Local FY 2012 Budget Hearings

Here is the FY 2012 budget adoption schedule for the Clarke County School District:

Tuesday, 17 May:  Public hearing at Gaines Elementary School (900 Gaines School Road)

Tuesday, 24 May:  Public hearing at Alps Road Elementary School (205 Alps Road)

Thursday, 26 May:  Public hearing at CCSD administrative offices (240 Mitchell Bridge Road)

Thursday, 02 June:  Board of Education agenda-setting meeting at CCSD administrative offices (240 Mitchell Bridge Road)

Thursday, 09 June:  Board of Education regular monthly meeting and final adoption at CCSD administrative offices (240 Mitchell Bridge Road)

All three public hearings are scheduled for 6:00 p.m.; both Board of Education meetings are scheduled for 6:30 p.m.  You can review the CCSD’s “budget overview” (2 pages), “tentative budget” (3 pages), and “tentative budget presentation” (16 slides) – but not the budget in its entirety.

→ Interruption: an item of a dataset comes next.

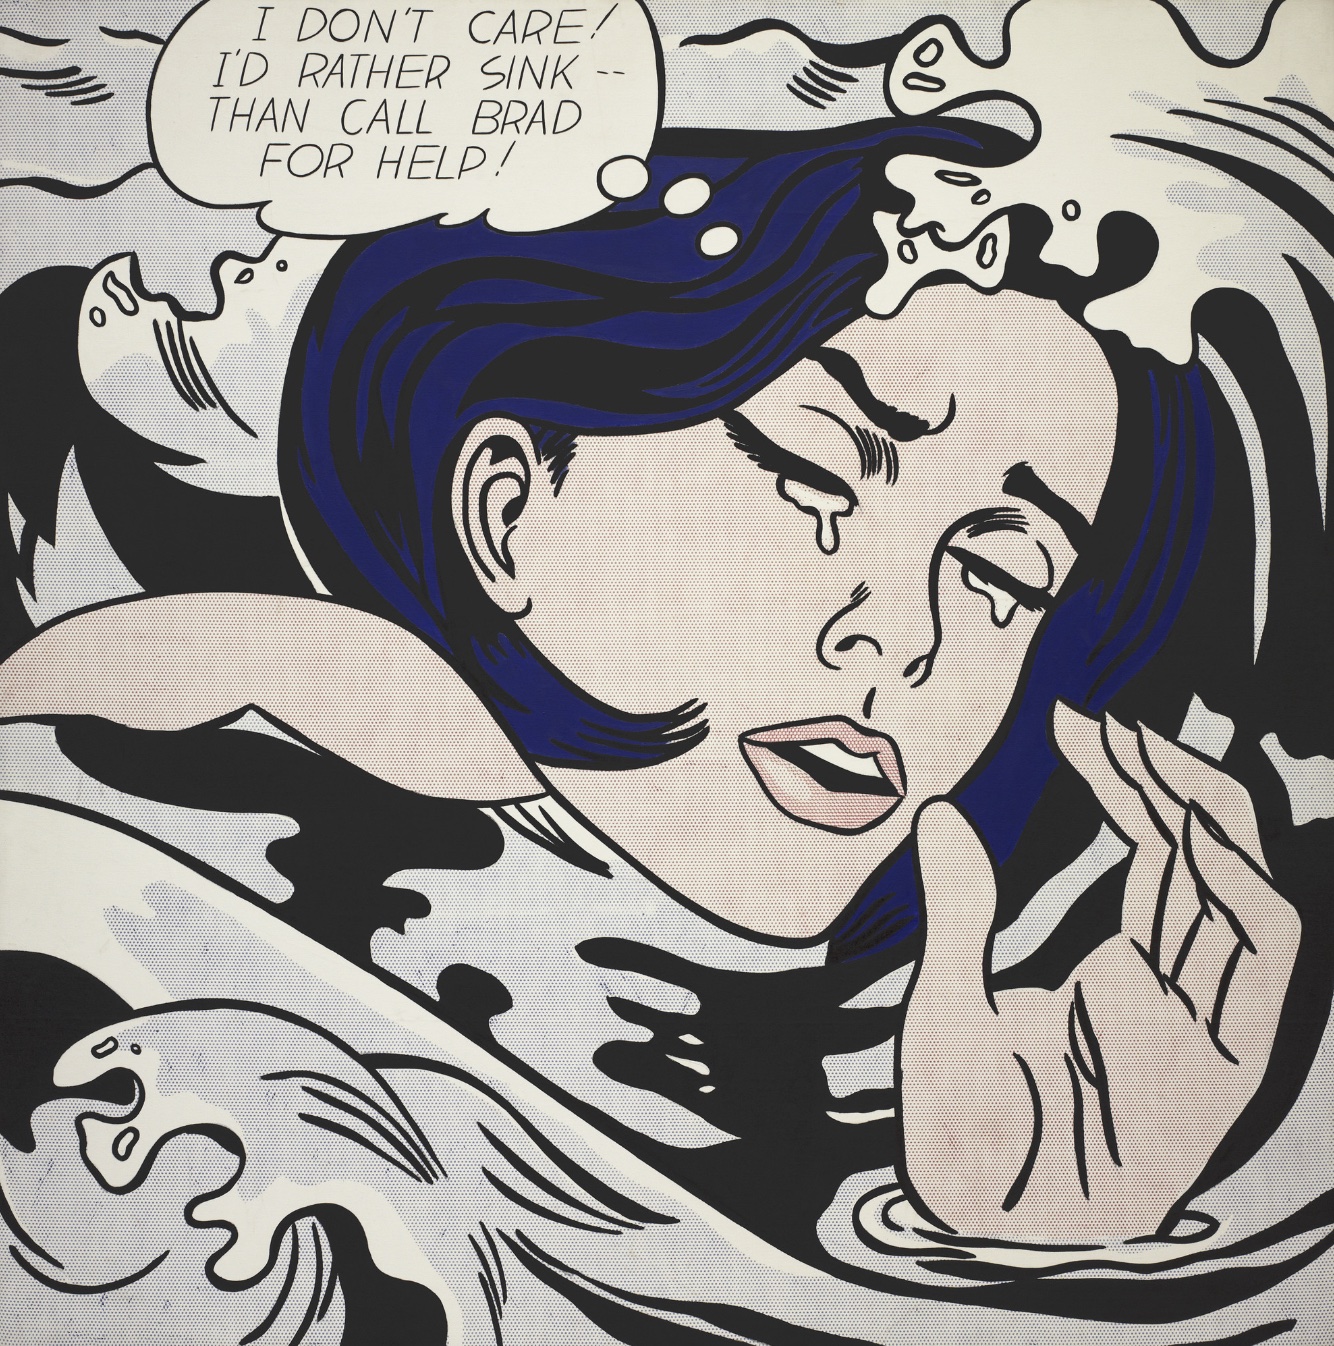 Drowning Girl de Roy Lichtenstein: presenta la imagen de la mujer llorando del cómic de arriba.

Here is the same information for the Unified Government of Athens-Clarke County:

Thursday, 05 May: Budget review at Bob M. Snipes Water Resource Center (780 Barber Street)

Monday, 09 May:  Budget review and public hearing at the Government Building auditorium (120 Dougherty Street)

Wednesday, 11 May:  Budget review at Bob M. Snipes Water Resource Center (780 Barber Street) – noted to be “if needed”

Tuesday, 07 June:  Regular monthly meeting and final adoption at City Hall Commission Chamber (301 College Avenue)

All three budget review sessions are scheduled for 5:30 p.m.; the Commission’s regular monthly meeting is scheduled for 7:00 p.m.  Note that public comment will not be taken at all of these meetings (I assume that since the proposed budget does not include a millage rate increase and that the value of the property tax digest is expected to be down the “rollback rate” for FY 2012 is lower than for FY 2011 thereby obviating TBOR requirements).  You can review the mayor's recommended budget in its entirety (355 pages).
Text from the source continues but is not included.